На взгляд близких знакомых мама у девочки была очень красивой, и характер у нее отменно хороший: справедливый, но осторожный, дров не ломает. Она всю молодость в комсомоле работала, даже возраст её комсомольский до тридцати лет продлили, чтобы, значит, ей в партию вступить коммунистическую. Но в партию она не очень-то хотела. Лучше уж девочку родить.
А вот папа девочки в партию вступил очень рано, подкупив собрание ответом на вопрос, почему, дескать, торопится. Он сказал, что надо торопиться, чтобы принять непосредственное участие в управлении государством, он на самом деле был уверен, что такое возможно. Окружающие его всегда побаивались: справедлив был круто, до склочности. В дальнейшем исключали его из партии неоднократно и восстанавливали всякий раз. Партбилет он хранил бдительнее, чем здоровье своей новорожденной девочки.

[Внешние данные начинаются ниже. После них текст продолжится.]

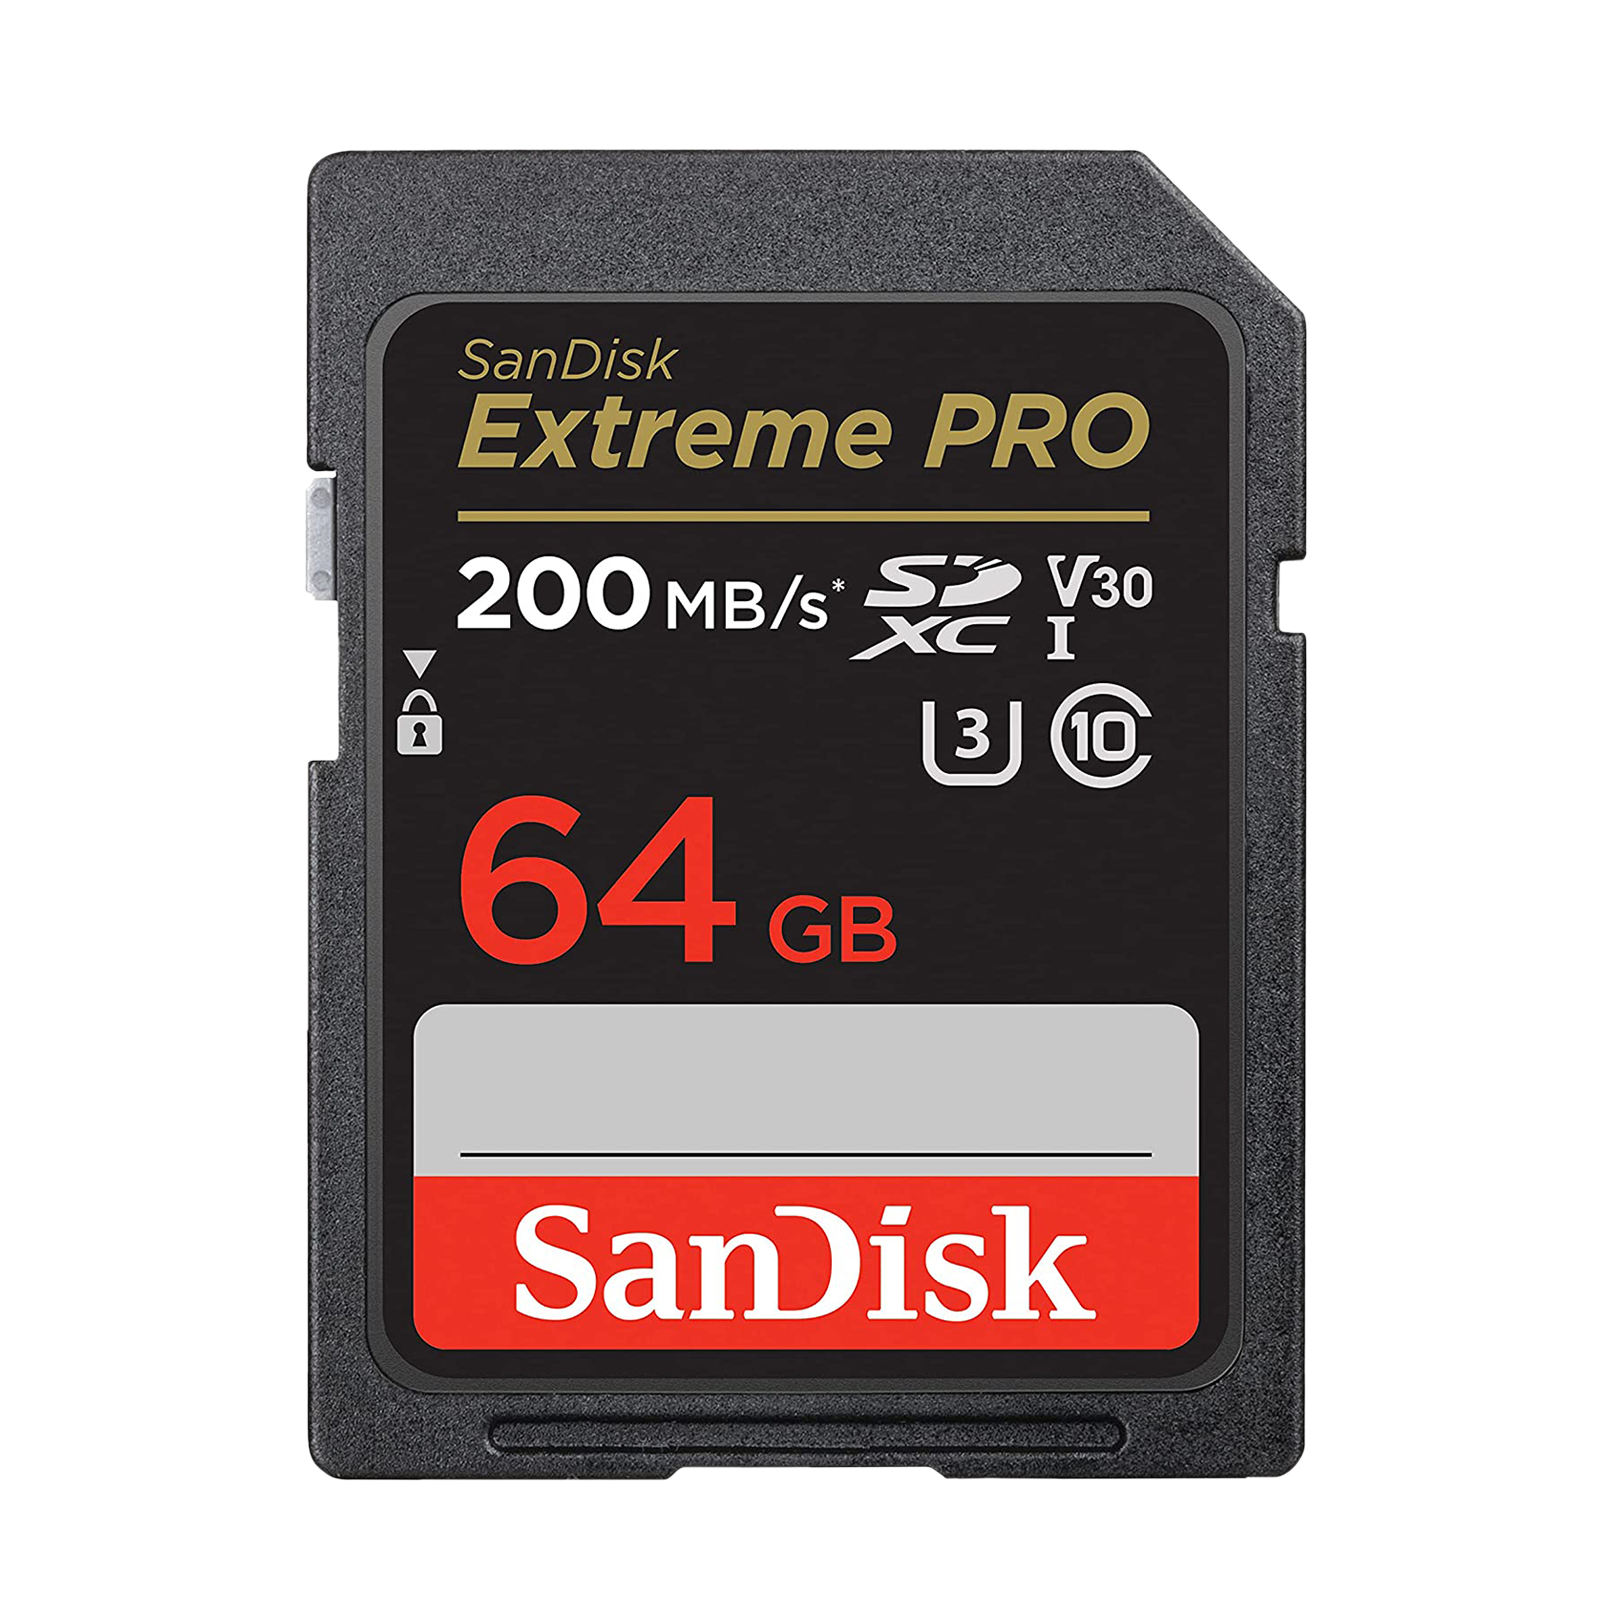 SanDisk Extreme Pro SDXC 64GB Class 10 200MB/s Memory Card

Так вот, в далеком тысяча девятьсот пятьдесят восьмом году против родителей девочки была затеяна тайная родственная диверсия. К ним съехались гости с намерением окрестить ребенка в церкви прямо на Крещенский праздник девятнадцатого января.
Приехала бабушка с маминой стороны – Анастасия Егоровна, царство ей небесное. Тогда почти без седины в шелково-мягких косах, которые вовсе не помогали ей повыше держать голову, но и с опущенными глазами лицо сохраняло выражение строгой сдержанности. Она была молчаливой, двигалась бесшумно, часто грустила. Выносила тринадцать детей и похоронила многих. В Божий промысел верила абсолютно, и потому любое горе с течением времени становилось пережитым, а на поливаемых тихими слезами страданиях постепенно вырастали дивные цветы воспоминаний, которыми она тоже ни с кем не делилась. Мама девочки была старшим ребенком Анастасии Егоровны, семейной опорой. Но не надеждой, поэтому отправилась на работу в четырнадцать лет. Работа была очень тяжелой, образованием и поисками места в жизни позволила заняться далеко после двадцати...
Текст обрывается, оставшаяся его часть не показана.